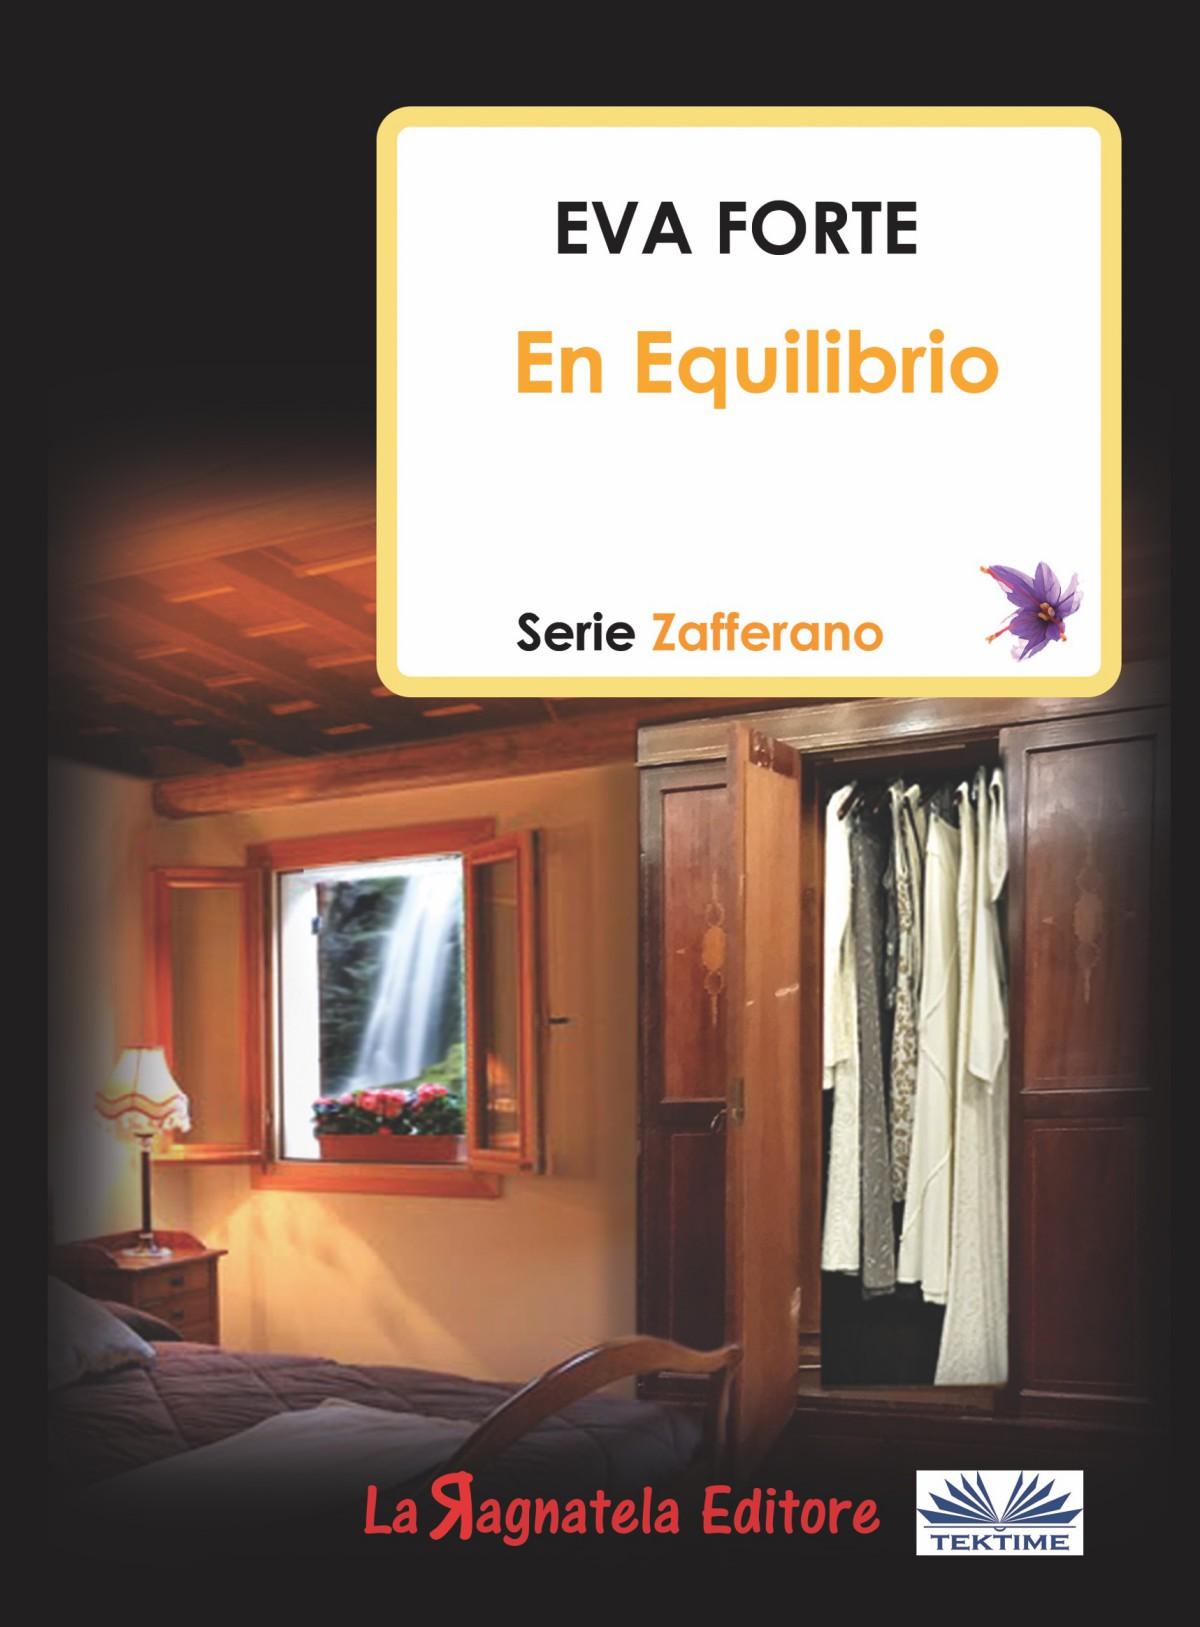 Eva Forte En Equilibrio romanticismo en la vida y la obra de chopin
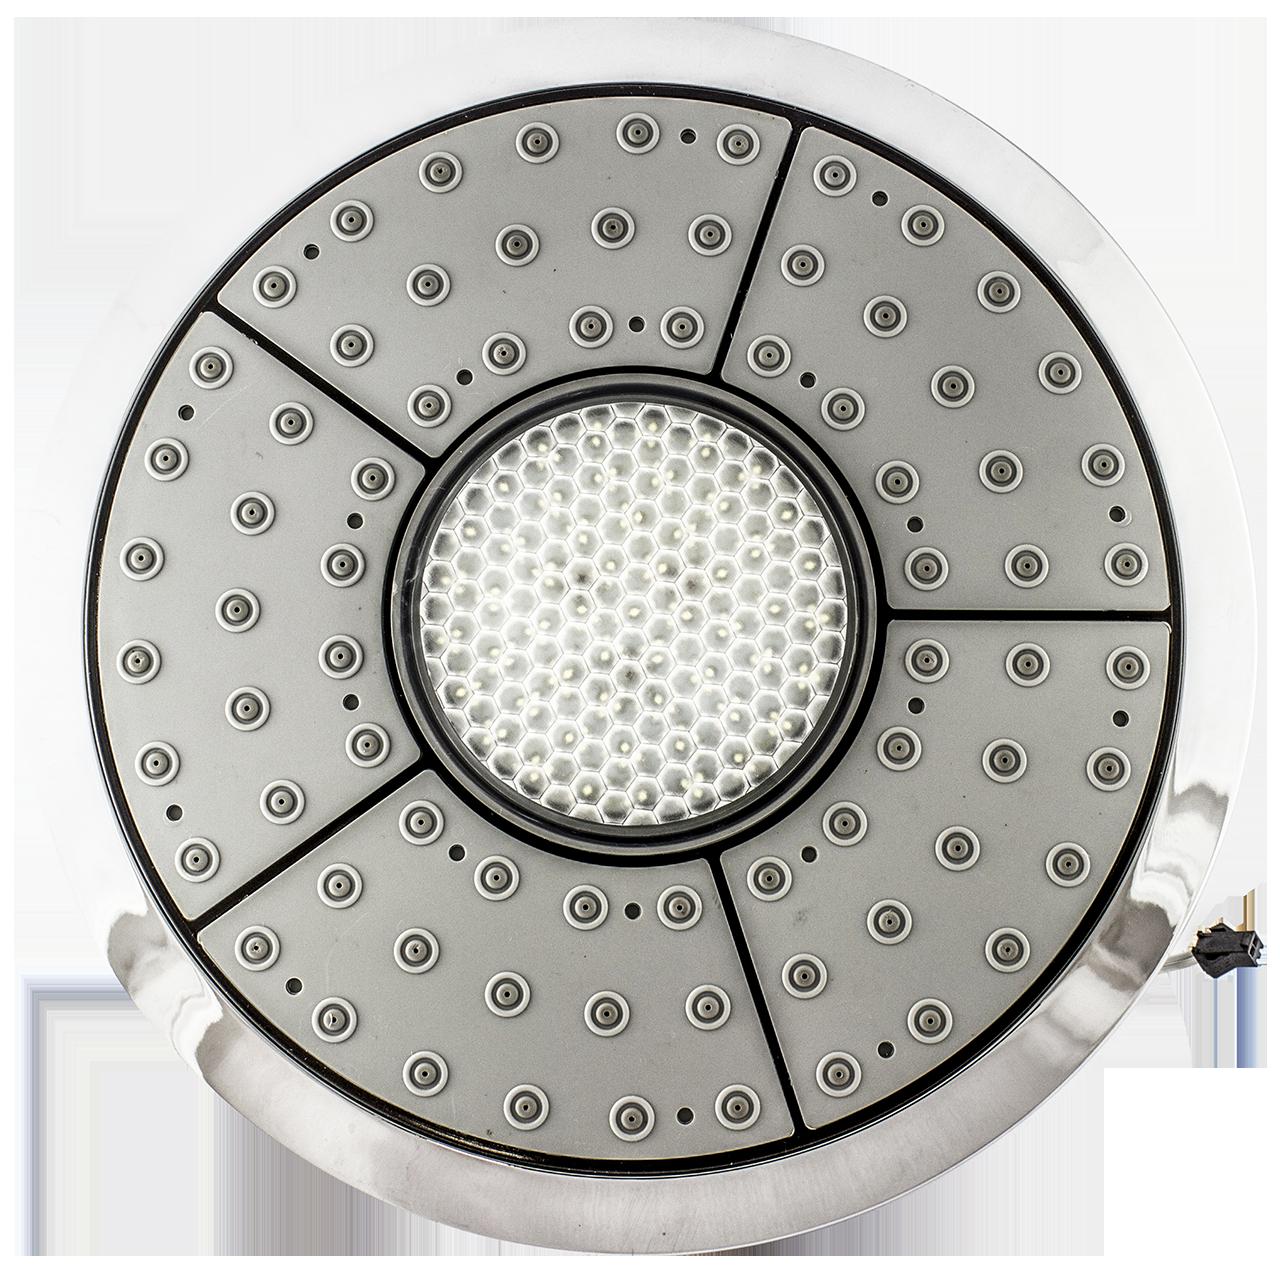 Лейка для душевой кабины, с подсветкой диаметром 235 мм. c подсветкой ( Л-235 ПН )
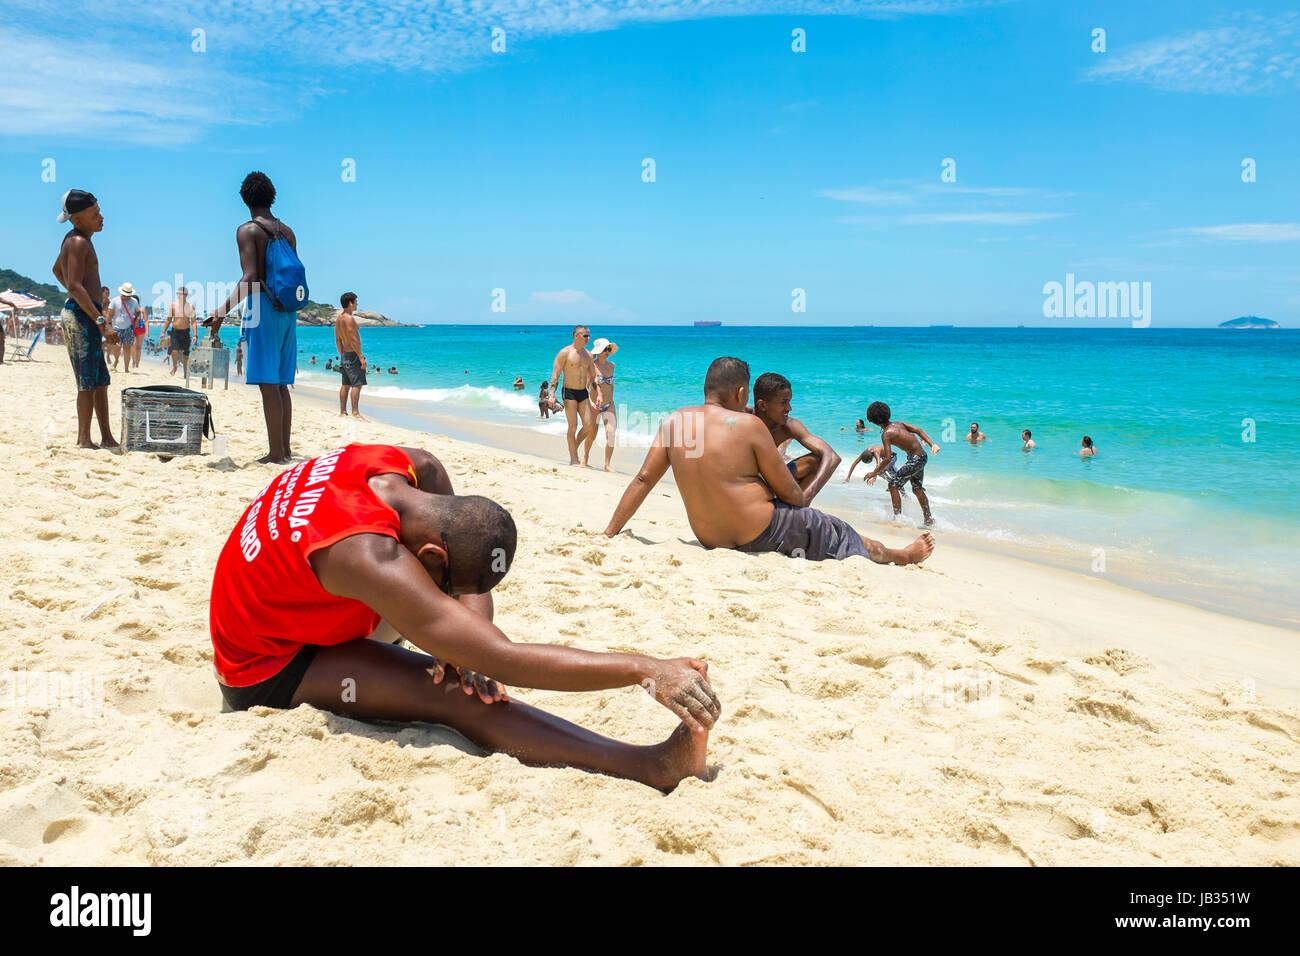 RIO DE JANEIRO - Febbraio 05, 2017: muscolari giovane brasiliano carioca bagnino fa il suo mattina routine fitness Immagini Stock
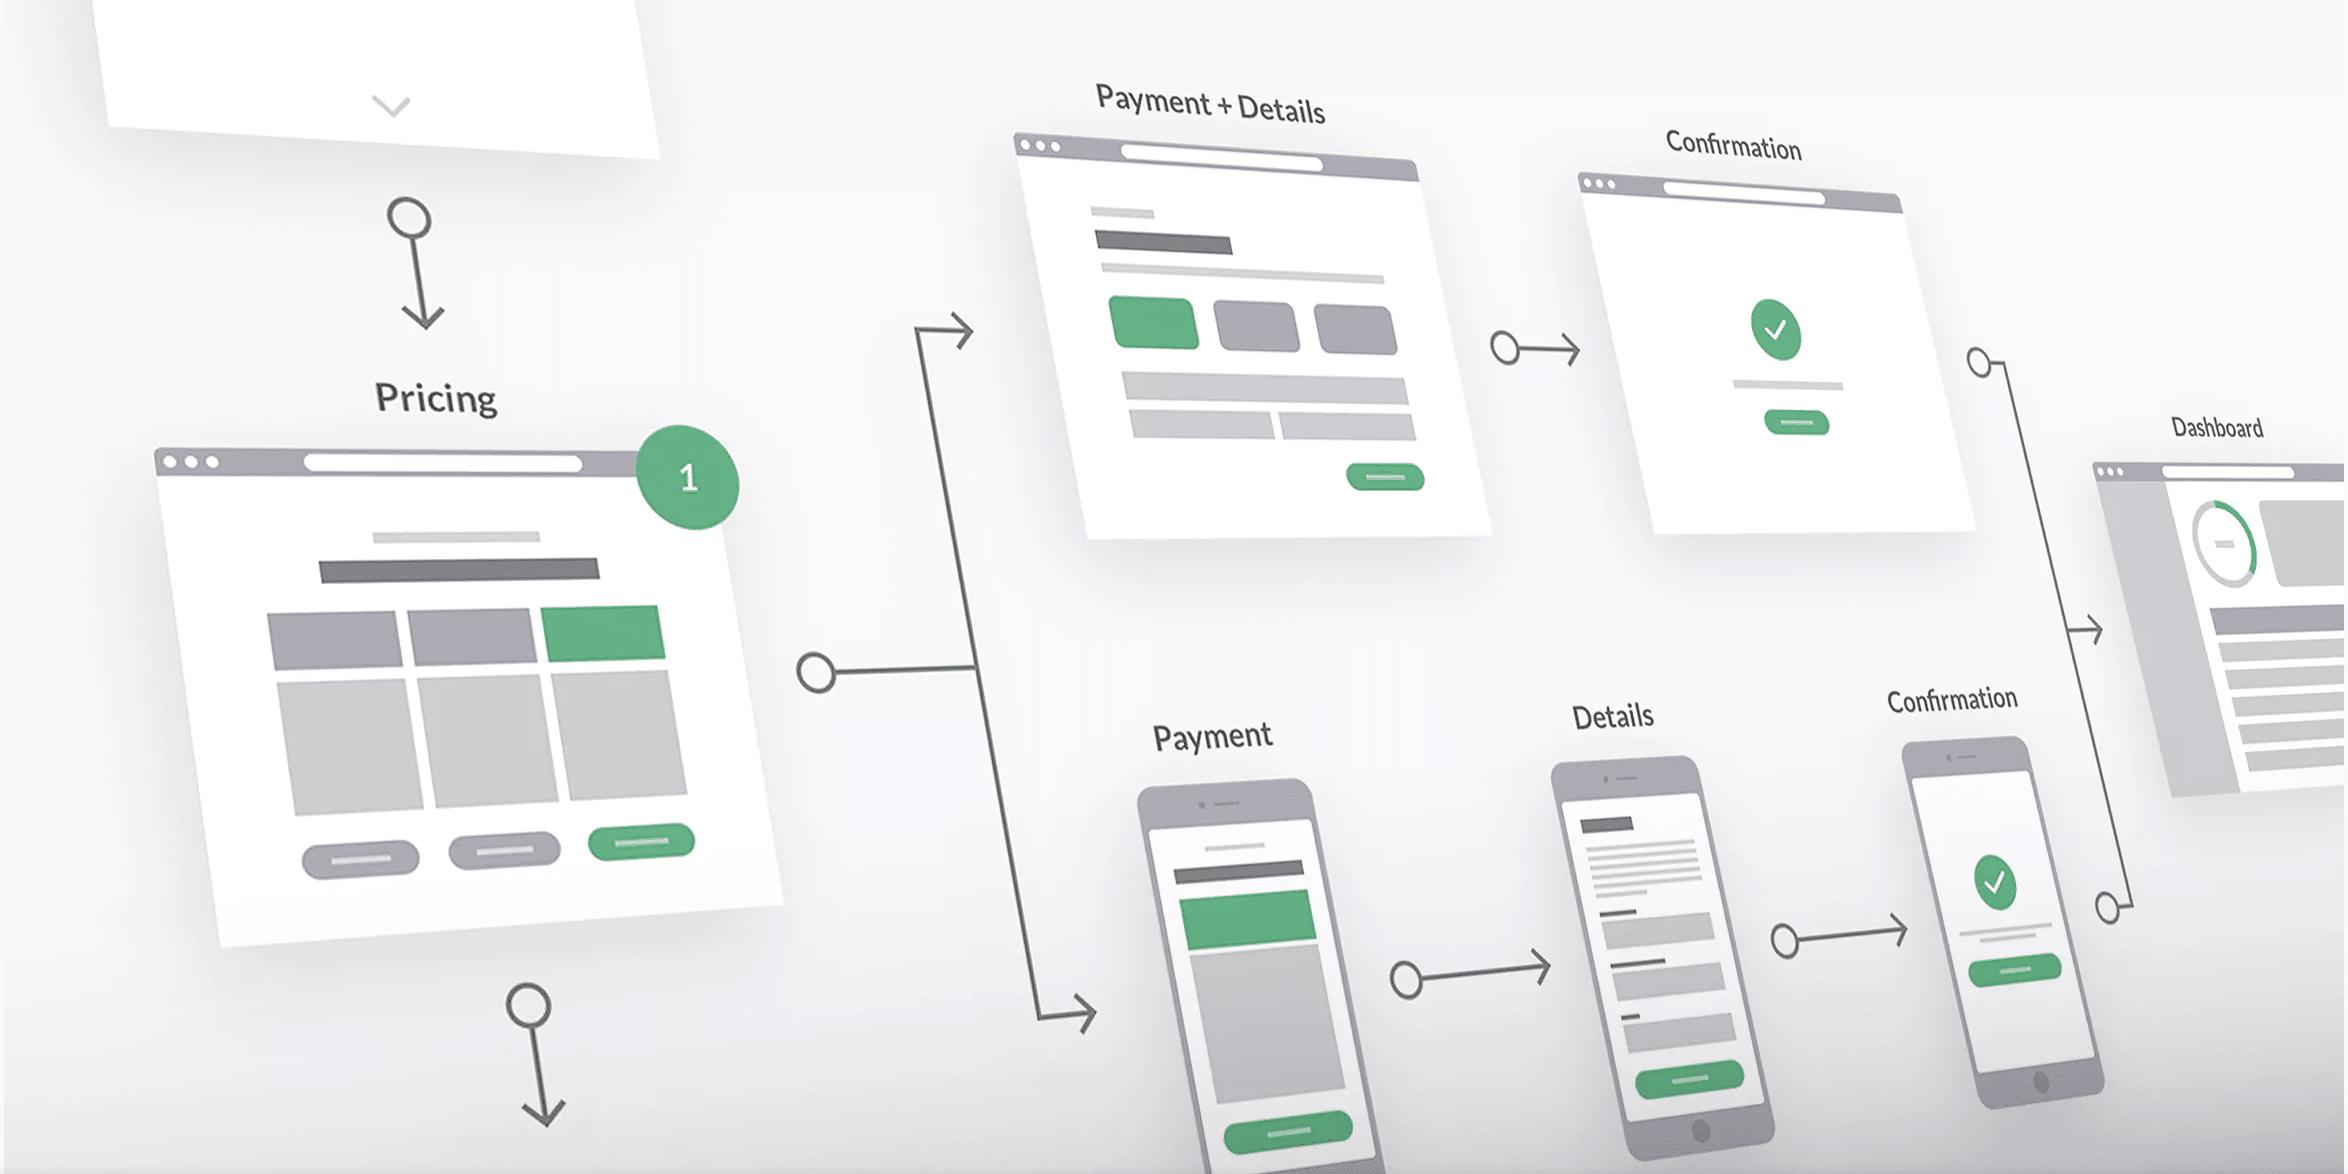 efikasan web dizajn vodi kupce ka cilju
· · · ·
* [YOUR TASK]
Print each line above exactly as it appears, excluding all images.

* [RESULT FOR THIS EXERCISE]
 Eva Forte En Equilibrio romanticismo en la vida y la obra de chopin
 Лейка для душевой кабины, с подсветкой диаметром 235 мм. c подсветкой ( Л-235 ПН )
 RIO DE JANEIRO - Febbraio 05, 2017: muscolari giovane brasiliano carioca bagnino fa il suo mattina routine fitness Immagini Stock
 efikasan web dizajn vodi kupce ka cilju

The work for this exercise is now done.